= Exercise =
Everything in the listing should be copied exactly, save for the pictures.

= Information provided =
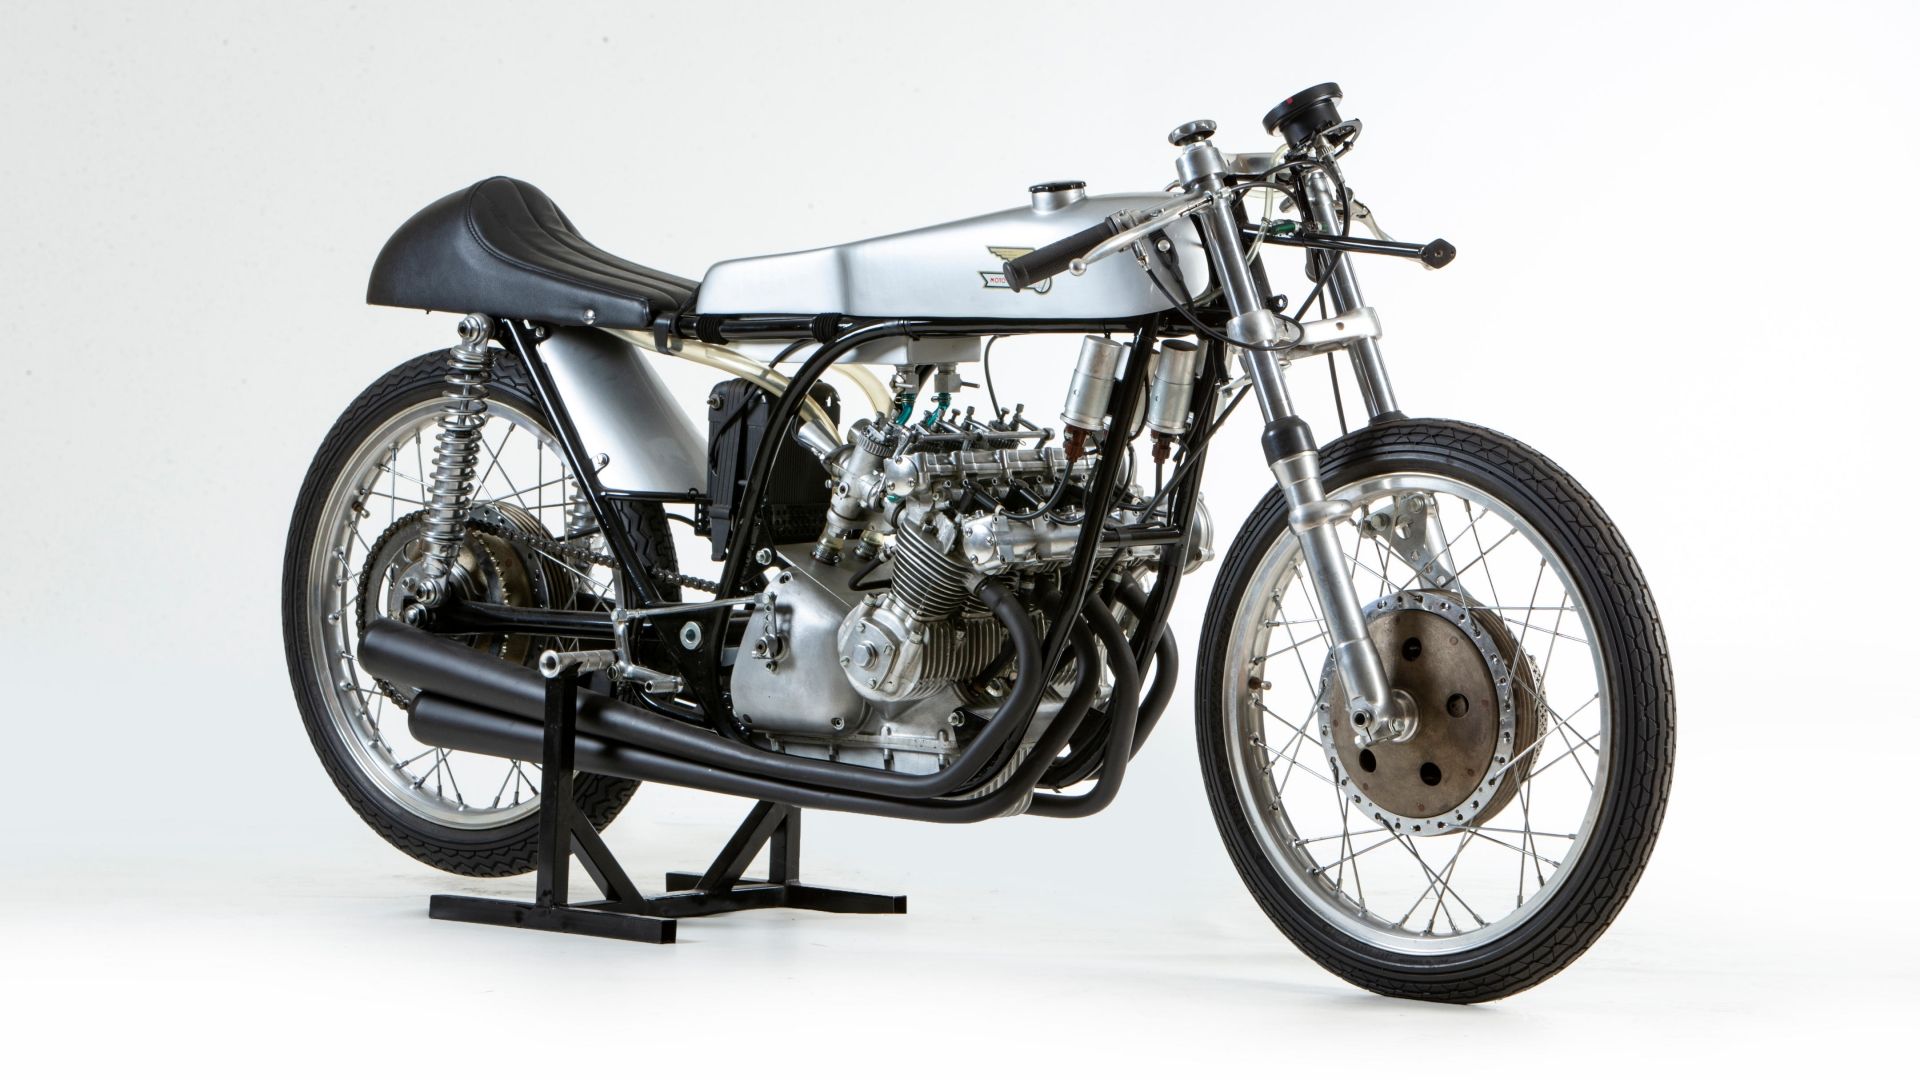 1965 Ducati 125cc Four-cylinder Grand Prix Racing Motorcycle
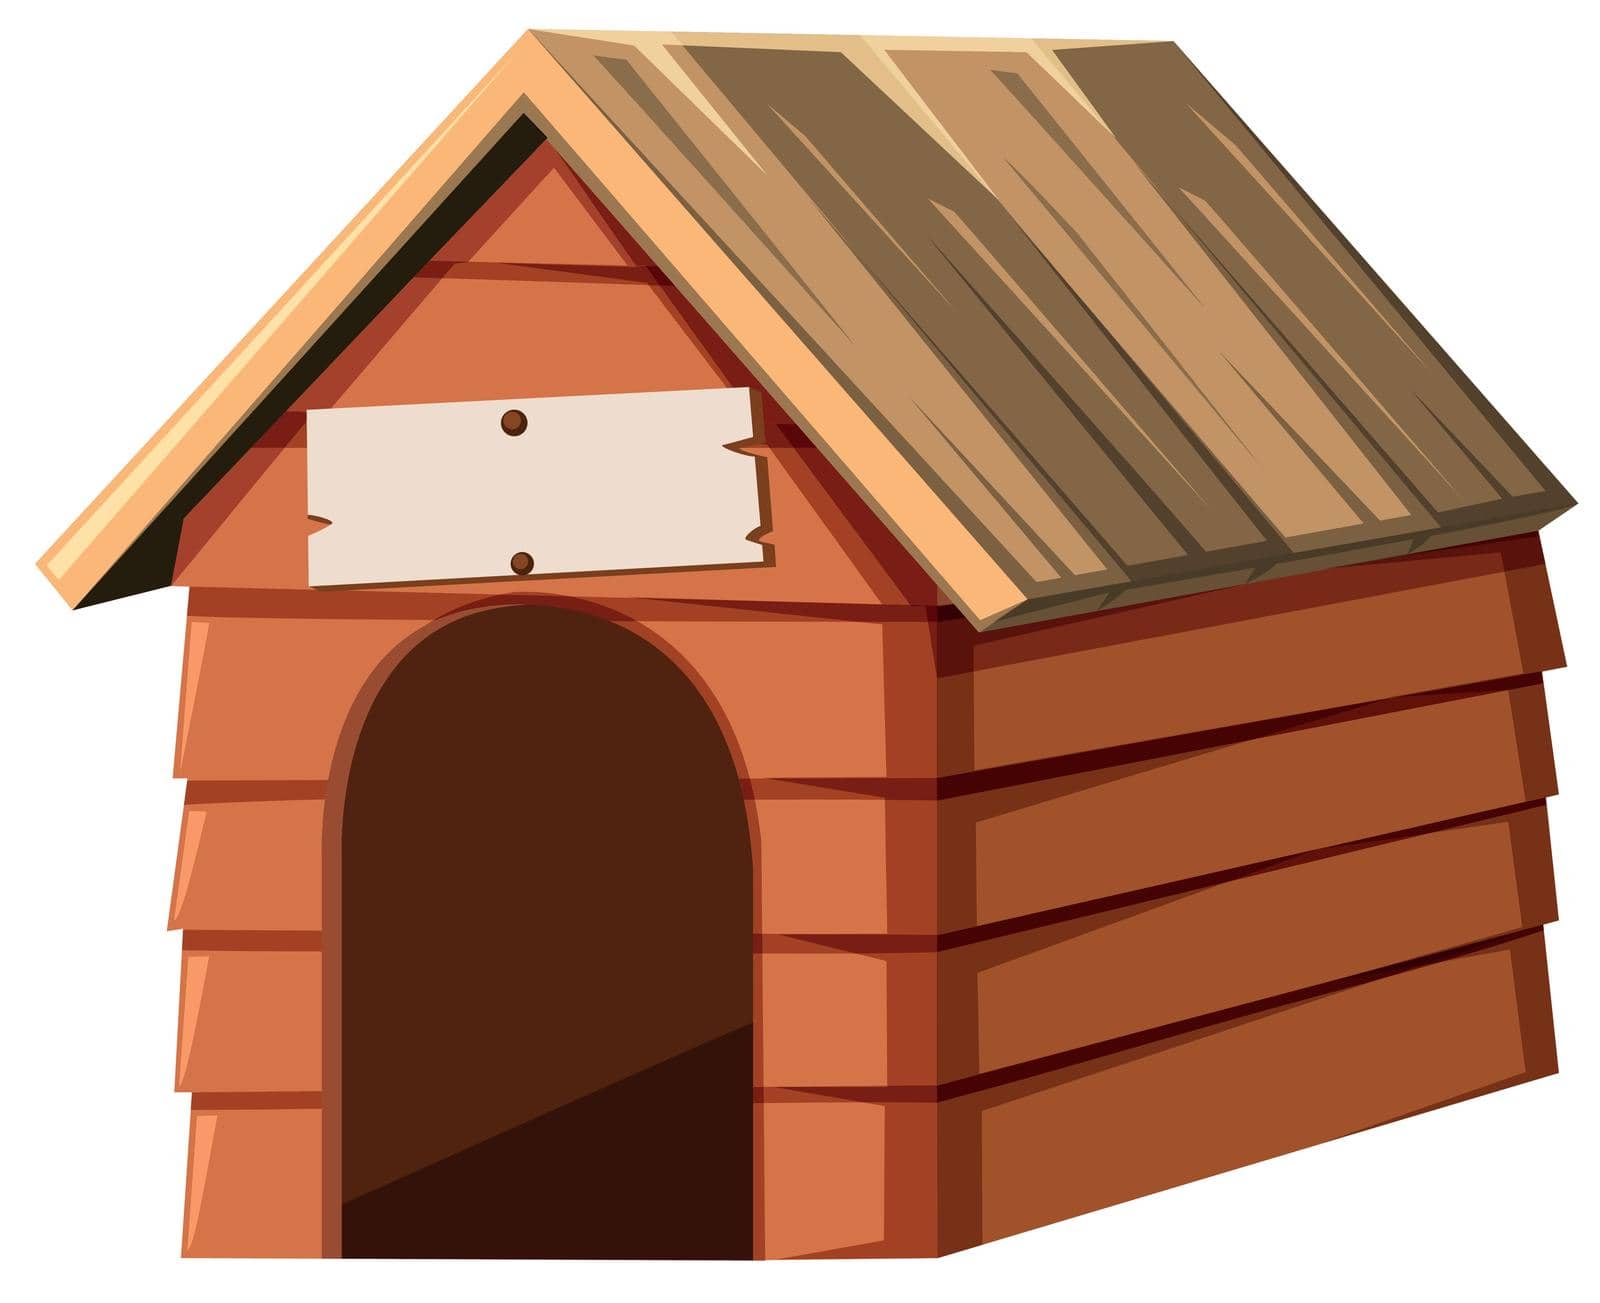 Doghouse made of wood illustration
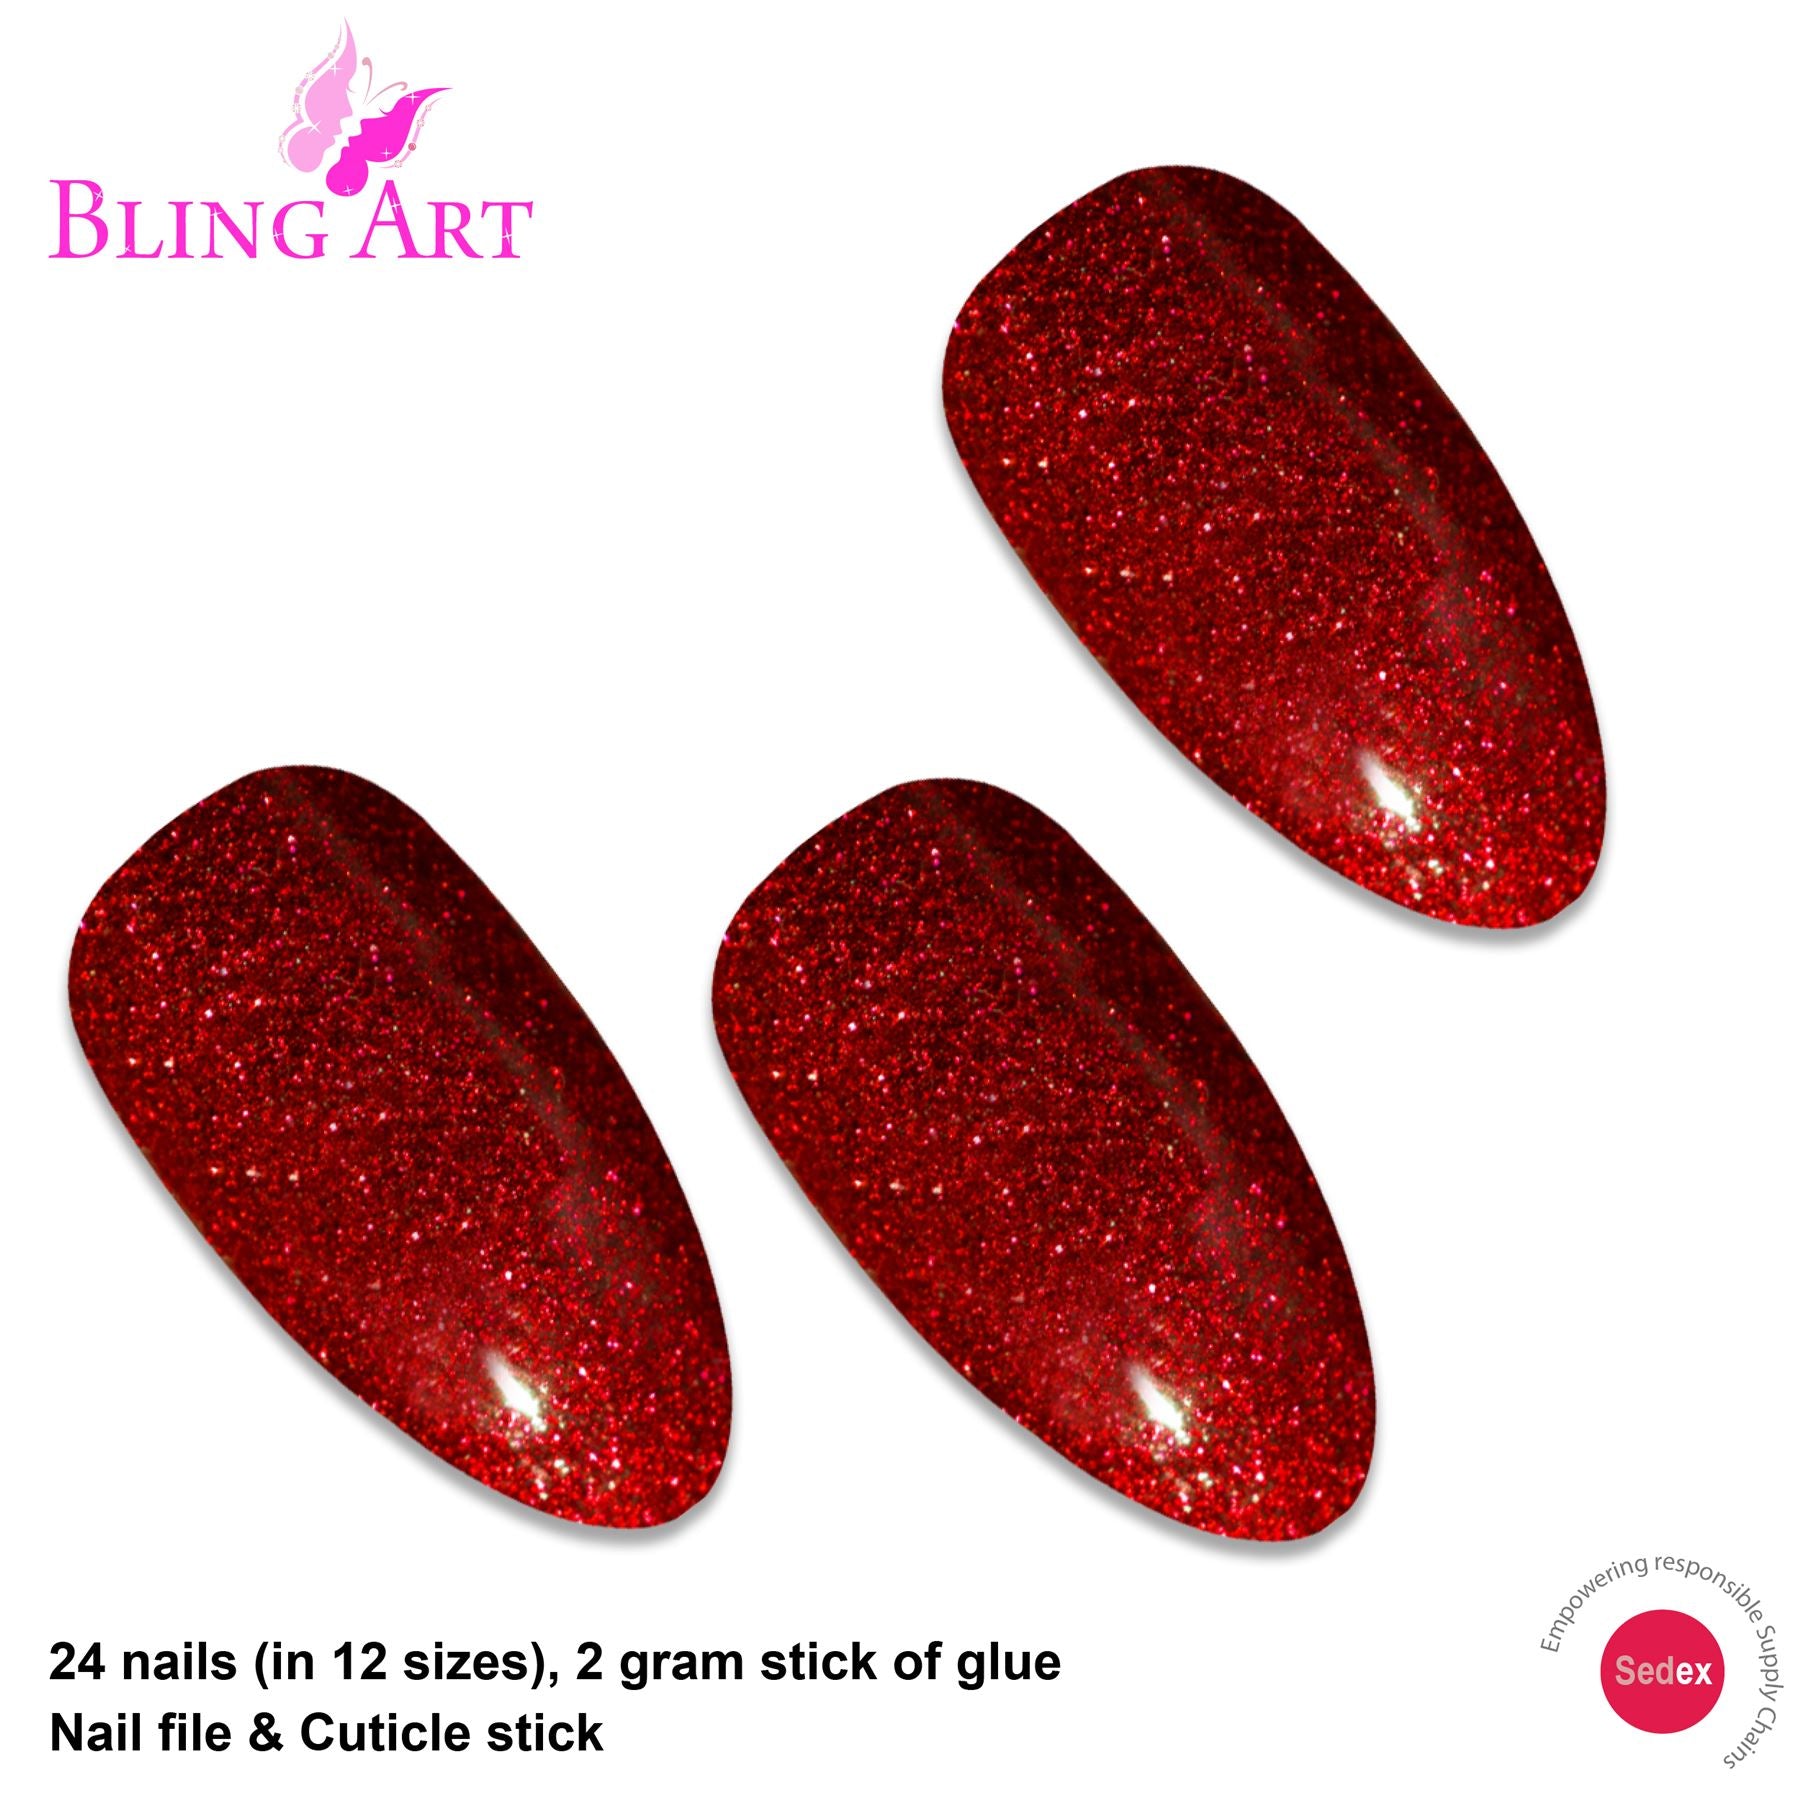 False Nails Bling Art Red Gel Almond Stiletto Long Fake Acrylic Tips with Glue

= Solution =
 1965 Ducati 125cc Four-cylinder Grand Prix Racing Motorcycle
 Doghouse made of wood illustration
 False Nails Bling Art Red Gel Almond Stiletto Long Fake Acrylic Tips with Glue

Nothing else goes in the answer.